The last condition spoils everything for mquery. Since mquery can’t speed it up, it will have to run yara on every file, in case the imphash matches. In this case, consider removing that imphash condition - it will make the query much more mquery-friendly.
good cases
What works well then? Everything with at least one reasonably-long string.
For example, this rule:
rule MiniRAT_Gen_1 {
meta:
description = "Detects Mini RAT malware"
license = "Detection Rule License 1.1 https://github.com/Neo23x0/signature-base/blob/master/LICENSE"
author = "Florian Roth"
reference = "https://www.eff.org/deeplinks/2018/01/dark-caracal-good-news-and-bad-news"
date = "2018-01-22"
hash1 = "091ae8d5649c4e040d25550f2cdf7f1ddfc9c698e672318eb1ab6303aa1cf85b"

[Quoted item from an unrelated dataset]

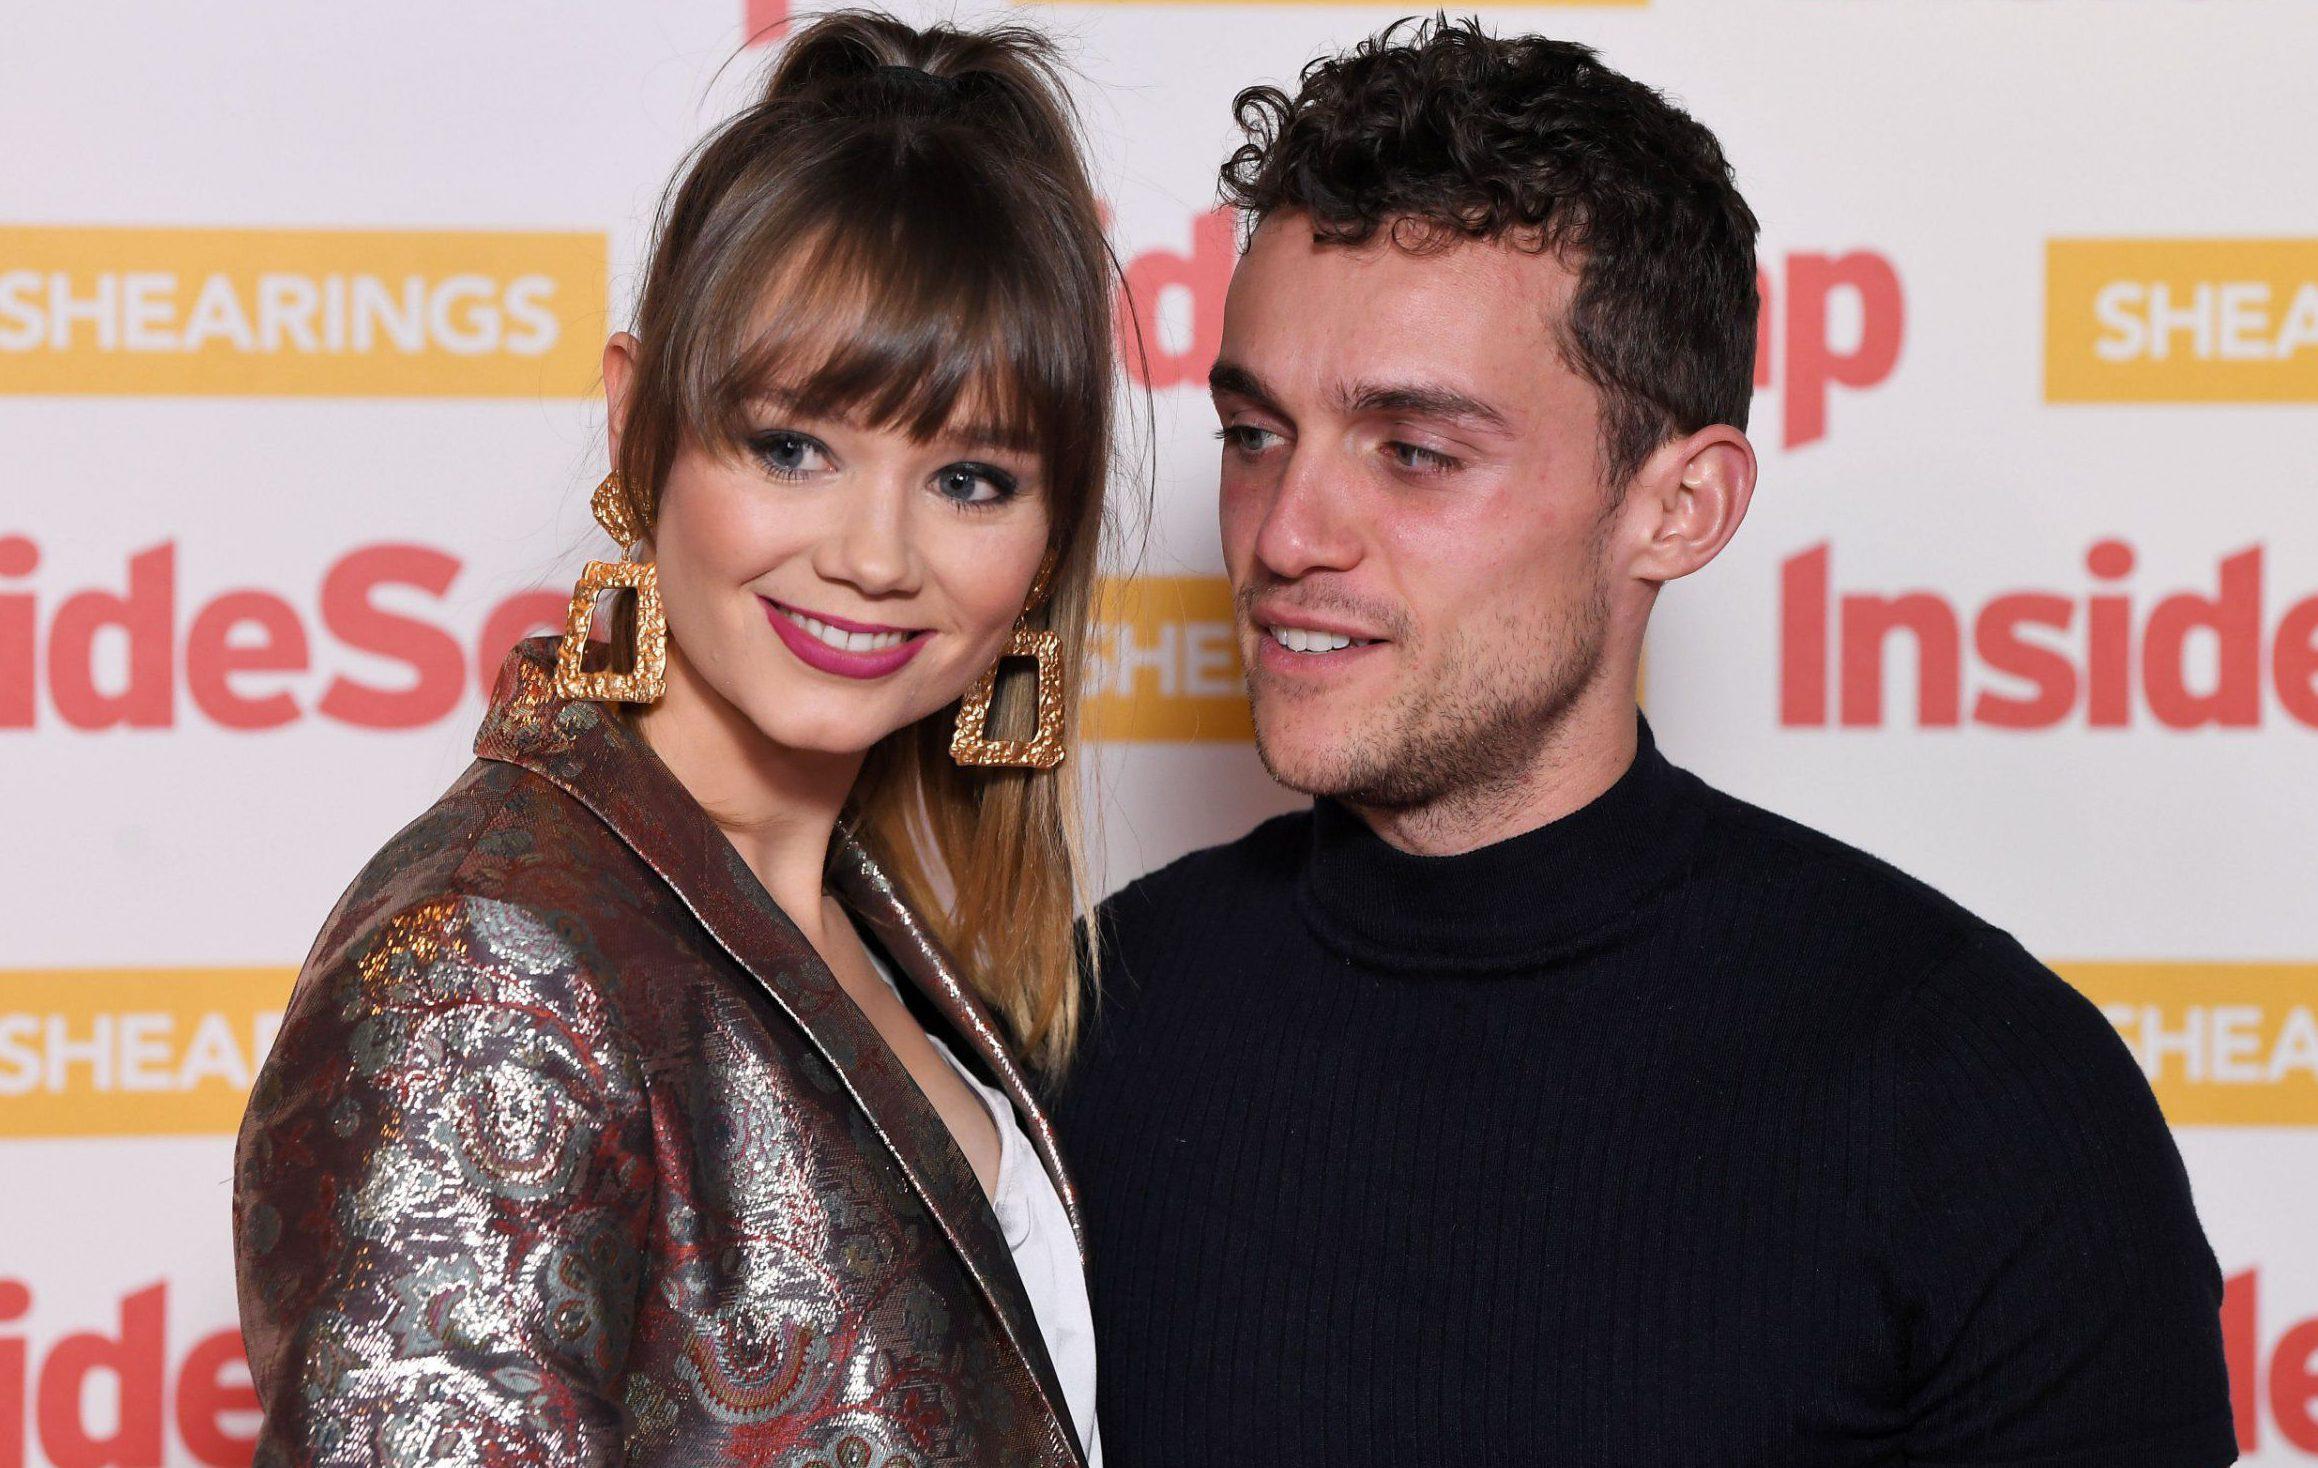 Mandatory Credit: Photo by James Gourley/REX (9939971ee) Daisy Wood-Davis and Luke Jerdy Inside Soap Awards, London, UK - 22 Oct 2018

hash2 = "b6ac374f79860ae99736aaa190cce5922a969ab060d7ae367dbfa094bfe4777d"
hash3 = "ba4e063472a2559b4baa82d5272304a1cdae6968145c5ef221295c90e88458e2"
hash4 = "ed97719c008422925ae21ff34448a8c35ee270a428b0478e24669396761d0790"
hash5 = "675c3d96070dc9a0e437f3e1b653b90dbc6700b0ec57379d4139e65f7d2799cd"
strings:
$x1 = "\\Mini rat\\" ascii
$x2 = "\\Projects\\ali\\Clever Components v7\\" ascii
condition:
uint16(0) == 0x5a4d and filesize < 7000KB and 1 of them
}
Will work great, because even though two conditions can’t be optimised, Mquery will get candidates by looking for files with two provided strings, and later filter out the false positives efficiently.